The data >>
● ● ● ●

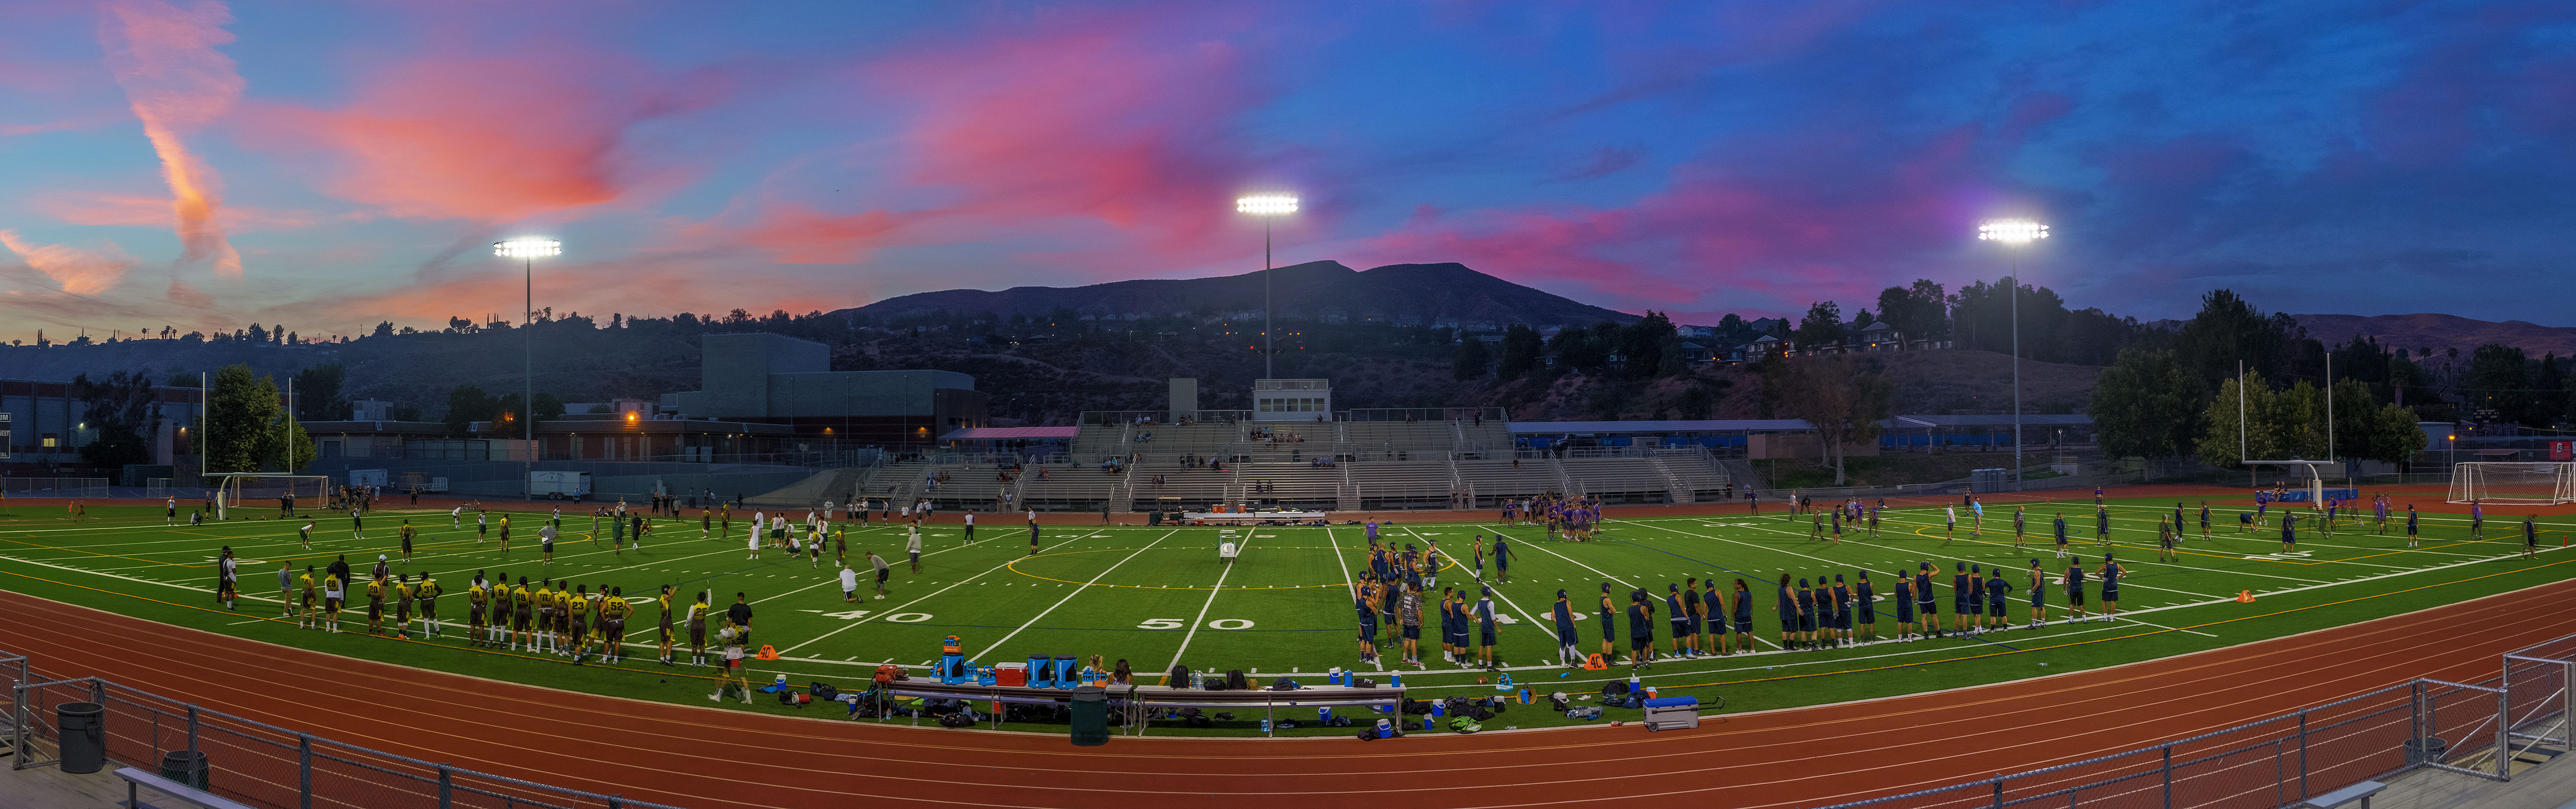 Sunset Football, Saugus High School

● ● ● ●

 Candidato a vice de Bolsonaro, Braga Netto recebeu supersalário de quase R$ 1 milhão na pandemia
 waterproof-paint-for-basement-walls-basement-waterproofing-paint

● ● ● ●

Starting at the line above that contains "Candidato a vice", repeat each line exactly up to and including the line that contains "waterproof-paint-for-basement-walls-basement-waterproofing-paint", and stop there.

 Candidato a vice de Bolsonaro, Braga Netto recebeu supersalário de quase R$ 1 milhão na pandemia
 waterproof-paint-for-basement-walls-basement-waterproofing-paint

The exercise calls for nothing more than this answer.